Data flow paradigm of computation w

Data flow paradigm of computation was popularized in 60’ and 70’ and describes non Von Neumann
architectures with the ability of fine grain parallelism in computation process.
In data flow architecture the flow of computation is not instructions flood driven. There is no concept of program counter implemented in this architecture. Control of computation is realized by data flood. Instruction is executed immediately in condition there are all operands of this instruction present. When executed, instruction produces output operands, which are input operands for other instructions.
Data flow paradigm of computing is using directed graph G = (V, E), called Data Flow Graph (DFG). DFG is used for the description of behavior of data driven computer. Vertex v _ V is an actor, a directed edge e _ E describes precedence relationships of source actor to target actor and is guarantee of proper execution of the data flow program. This assures proper order of
instructions execution with contemporaneous parallel execution of instructions. Tokens are used to indicate presence of data in DFG.
Actor in data flow program can be executed only in case there is a presence of a requisite number of data values (tokens) on input edges of an actor. When firing an actor execution, the defined number of tokens from input edges is consumed and defined number of tokens is produced to the output edges. An important characteristic of data flow program is its ability to detect parallelism of computation. This detection is allowed on the lowermost basis – on the machine instructions level.
There are static, dynamic and also hybrid data flow computing models.

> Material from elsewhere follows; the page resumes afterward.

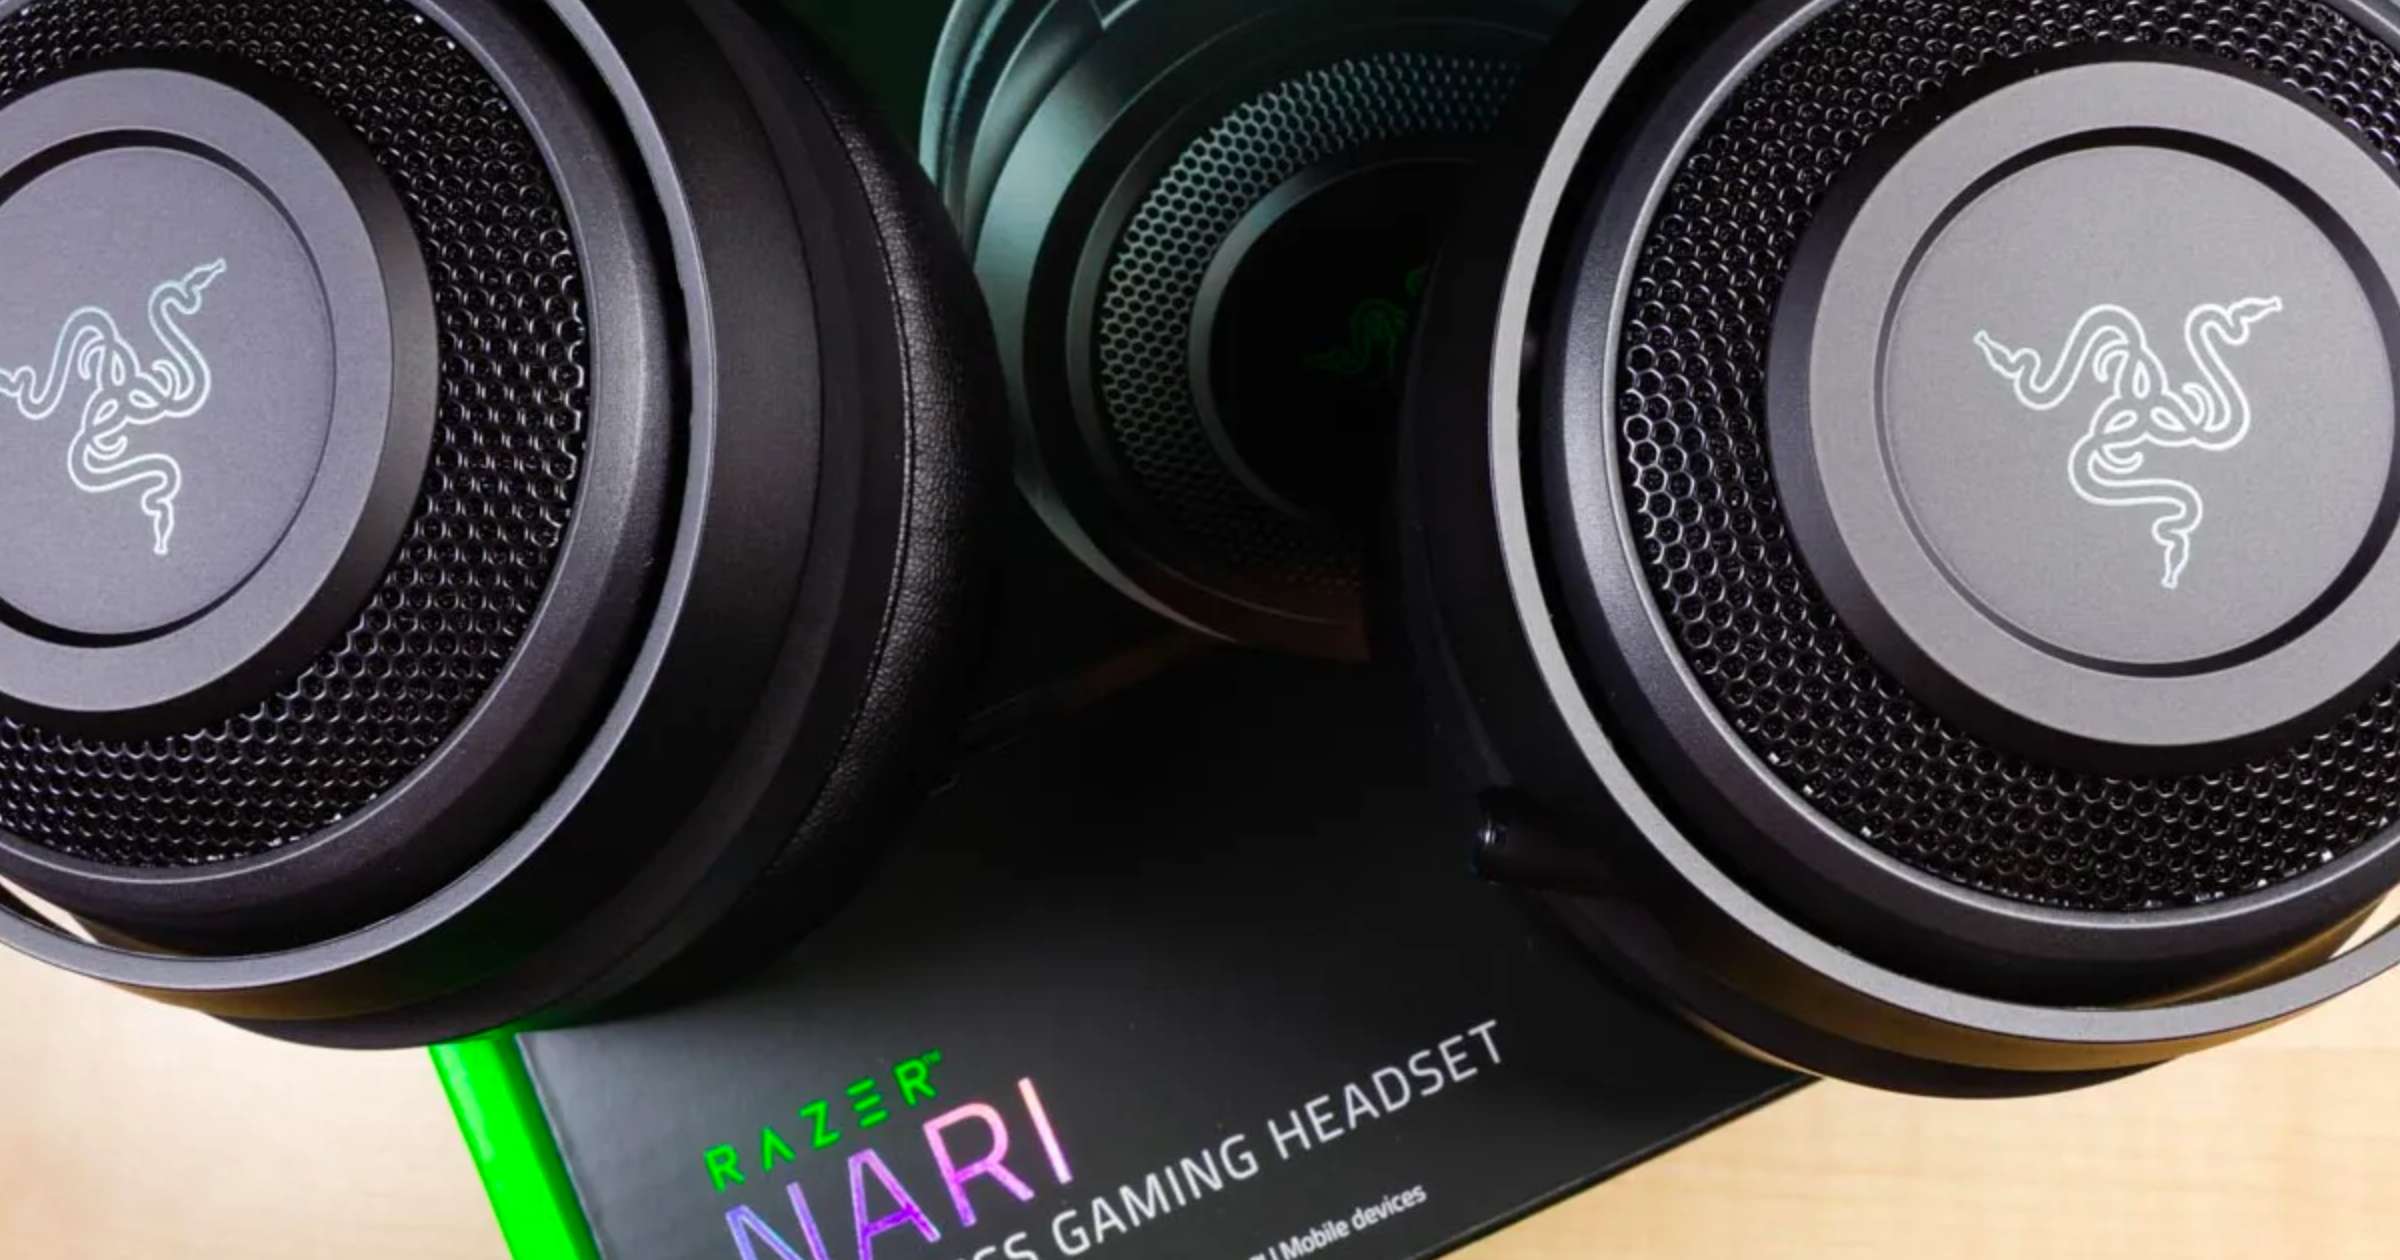 Razer Nari Essential Wireless Gaming Headset

In static model, there is possibility to place only one token on the edge at the same time. When firing an actor, no token is allowed on the output edge of an actor.
Disadvantage of the static model is in impossibility to use dynamic forms of parallelism, such a loops and recursive parallelism. Computer with static data flow architecture was first introduced by Dennis and Misunas in 1974 [8].
Dynamic model of data flow computer architecture allows placing of more than one token on the edge at the same time. To allow implementation of this feature of the architecture, the tagging of tokens was established.
Each token is tagged and the tag identifies conceptual position of token in the token flood.
For firing an actor execution, a condition must be fulfilled that on each input edge of an actor the token with the same tag must be identified. After firing of an actor, those tokens are consumed and predefined amount of tokens is produced to the output edges of an actor.
There is no condition for firing an actor that no tokens must be placed on output edge of an actor. The architecture of dynamic data flow computer was first introduced at Massachusetts Institute of technology (MIT) as a Tagged Token Data flow Architecture [9].
Hybrid data flow architecture is a combination of control flow and data flow computation control
mechanisms.
Data flow computing is predominantly domain of the research laboratories and scientific institutions, and has limited impact on commercial computing because of difficulties in cost of communication, organization of computation, manipulation with structured data and cost of matching [10][11].
Paradigm of tile computing in combination with data flow computing brings new possibilities to overcome some of deficiencies of data flow architectures.